▶ WHAT THE TASK REQUIRES
Output everything in the data exactly, leaving the pictures out.

▶ AVAILABLE DATA
+===+

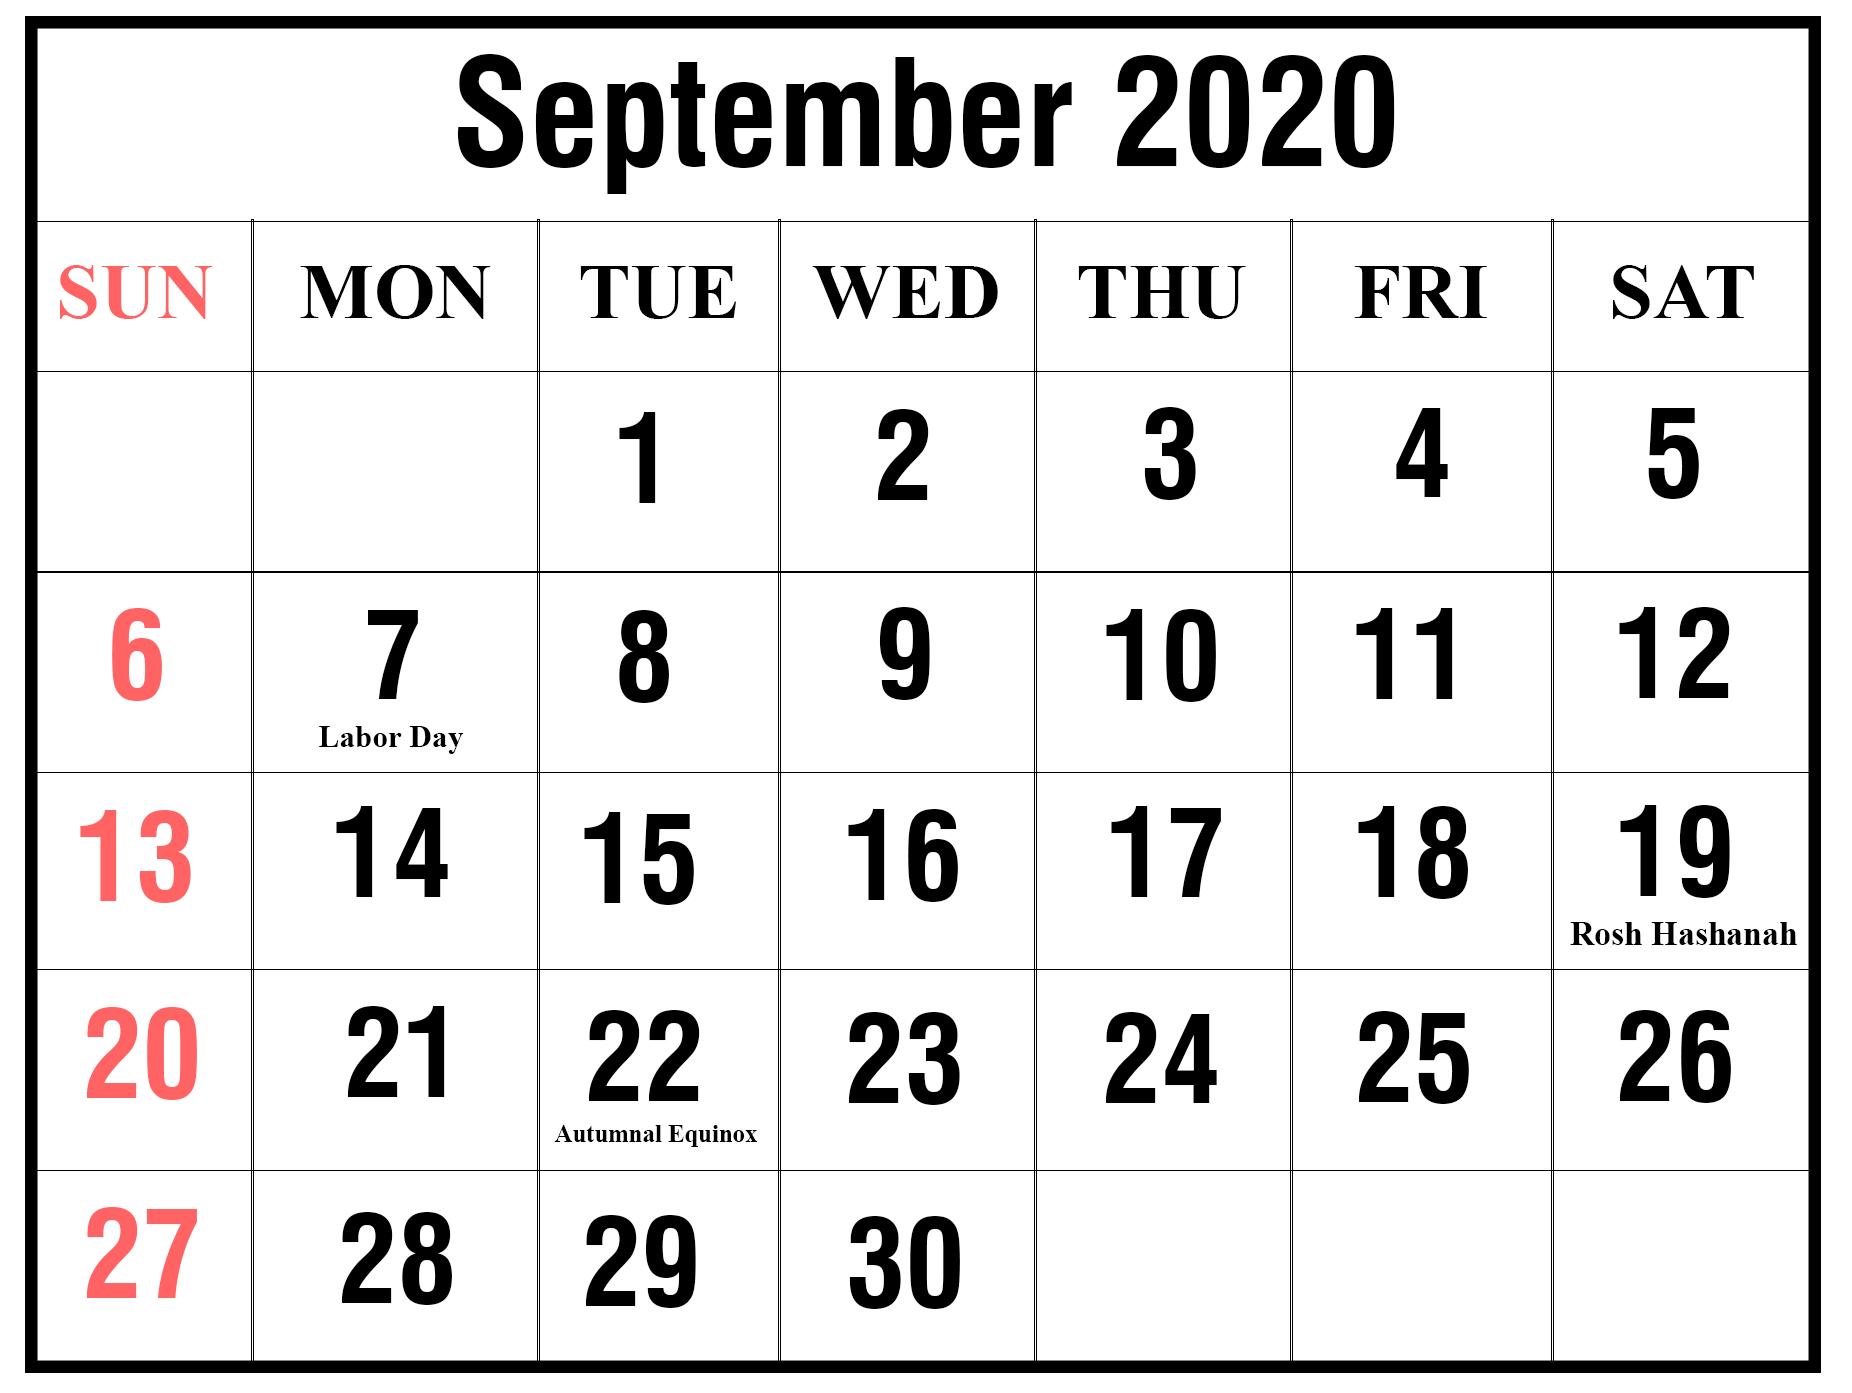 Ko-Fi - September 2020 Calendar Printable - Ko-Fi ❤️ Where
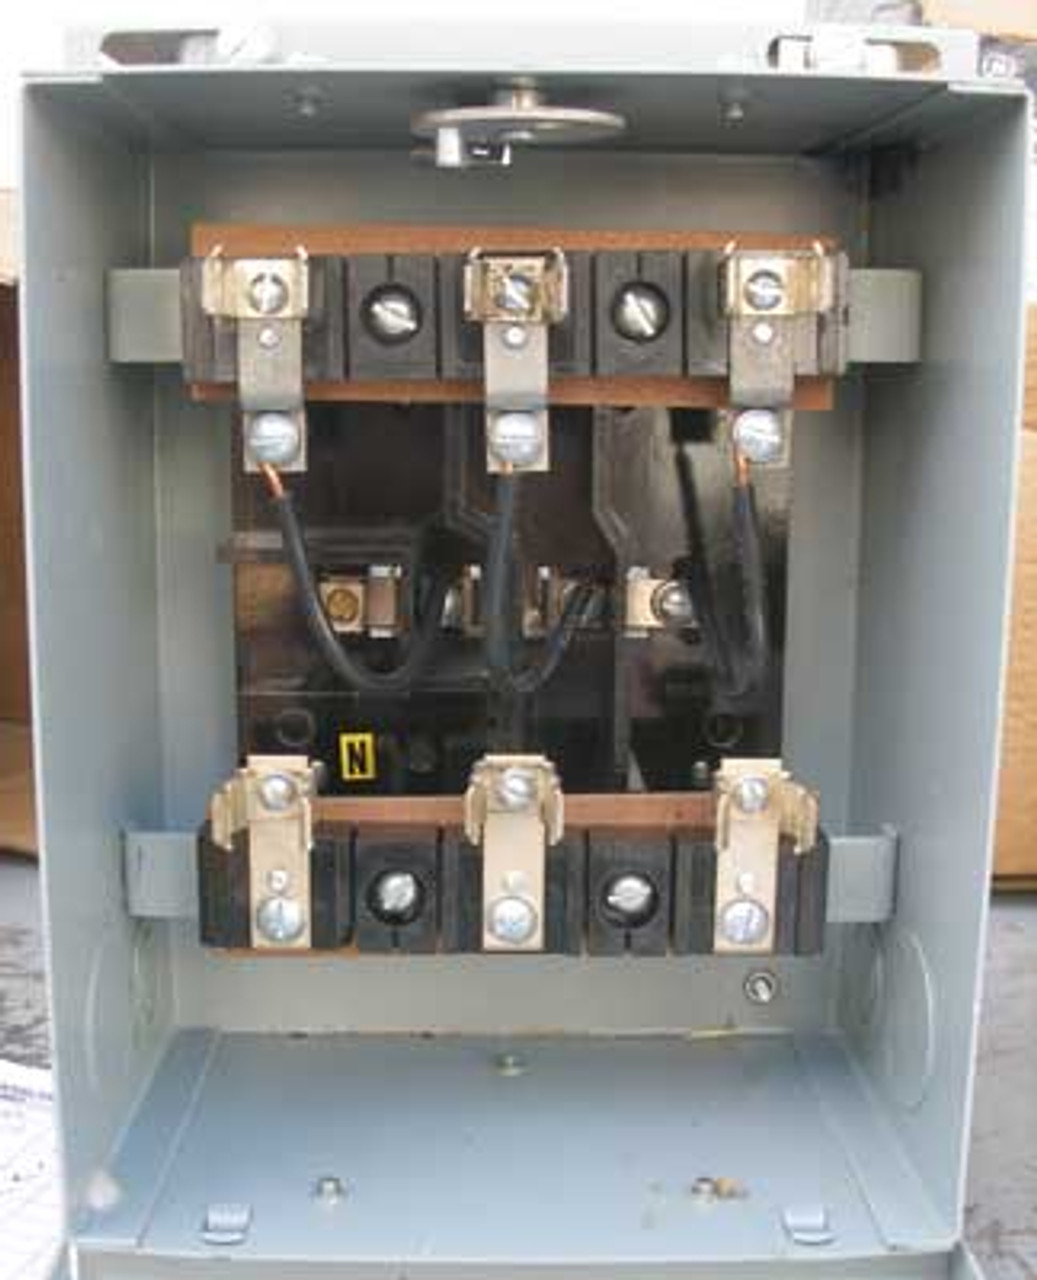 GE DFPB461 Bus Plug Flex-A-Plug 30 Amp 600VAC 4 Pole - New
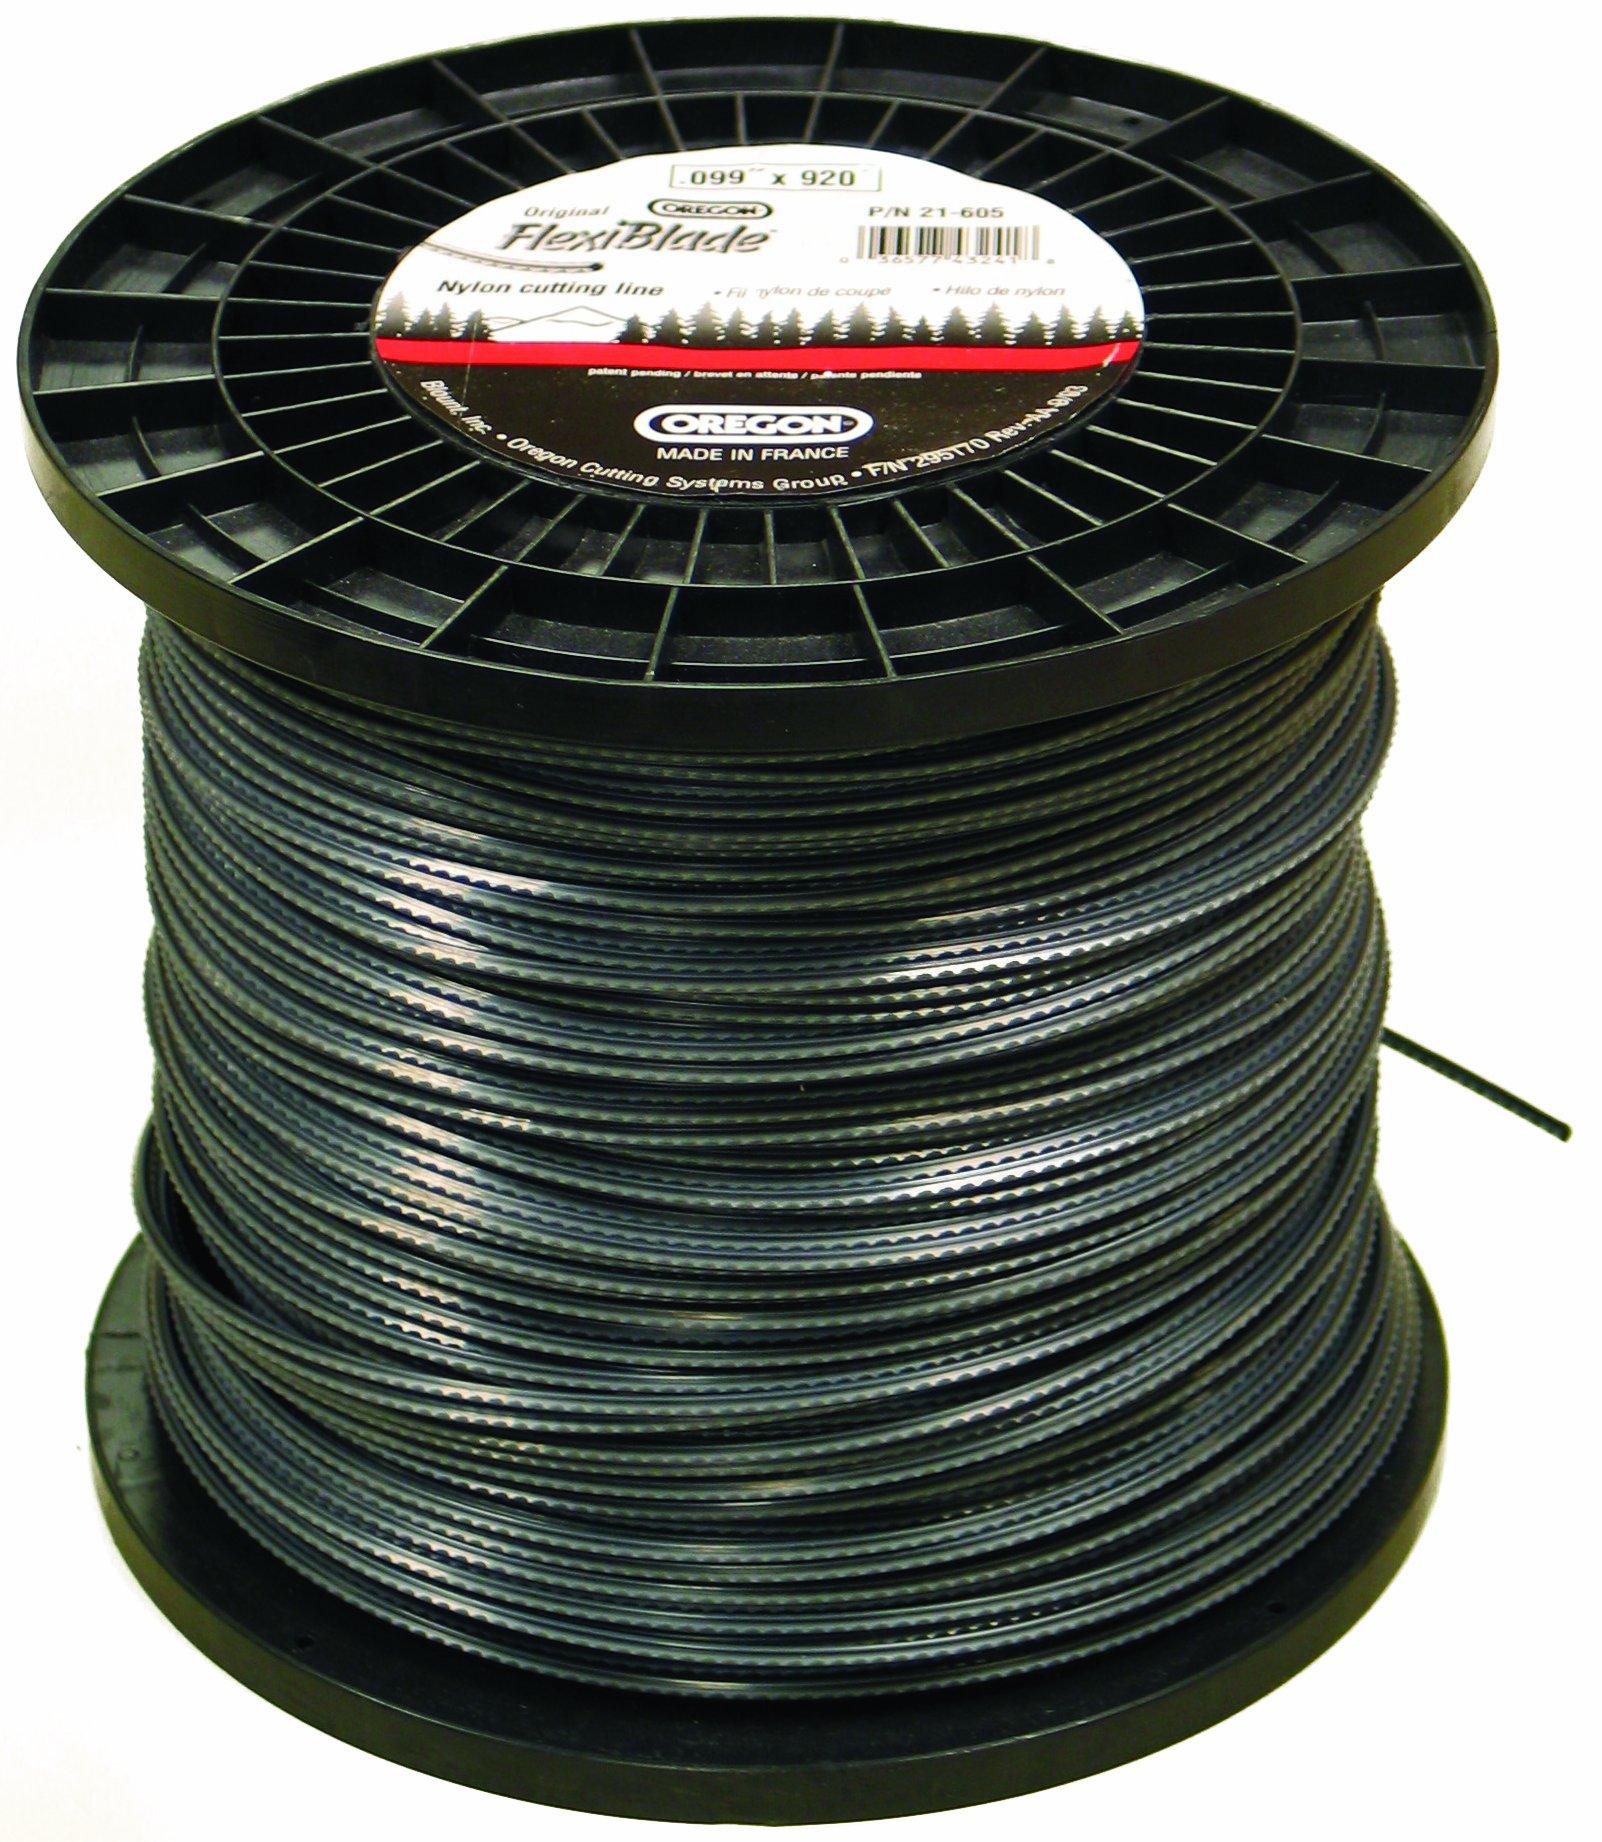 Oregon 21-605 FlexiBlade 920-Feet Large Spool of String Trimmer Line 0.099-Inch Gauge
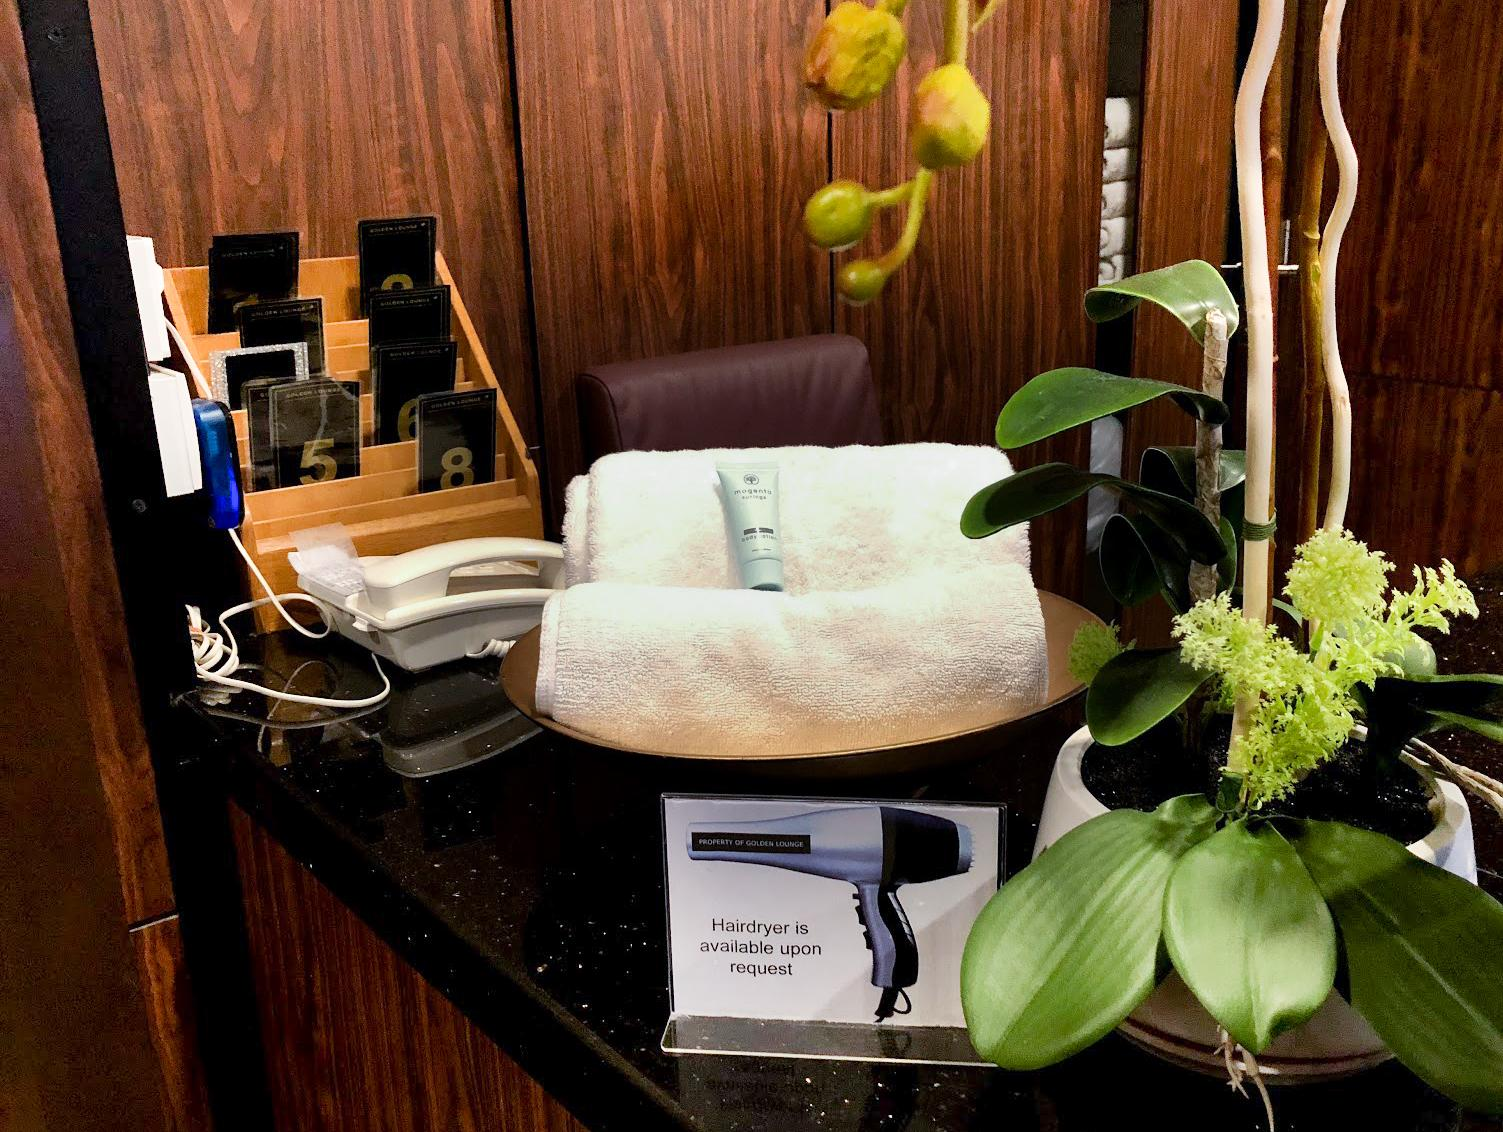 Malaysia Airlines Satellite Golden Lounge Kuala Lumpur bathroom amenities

+===+

▶ THE ANSWER
 Ko-Fi - September 2020 Calendar Printable - Ko-Fi ❤️ Where
 GE DFPB461 Bus Plug Flex-A-Plug 30 Amp 600VAC 4 Pole - New
 Oregon 21-605 FlexiBlade 920-Feet Large Spool of String Trimmer Line 0.099-Inch Gauge
 Malaysia Airlines Satellite Golden Lounge Kuala Lumpur bathroom amenities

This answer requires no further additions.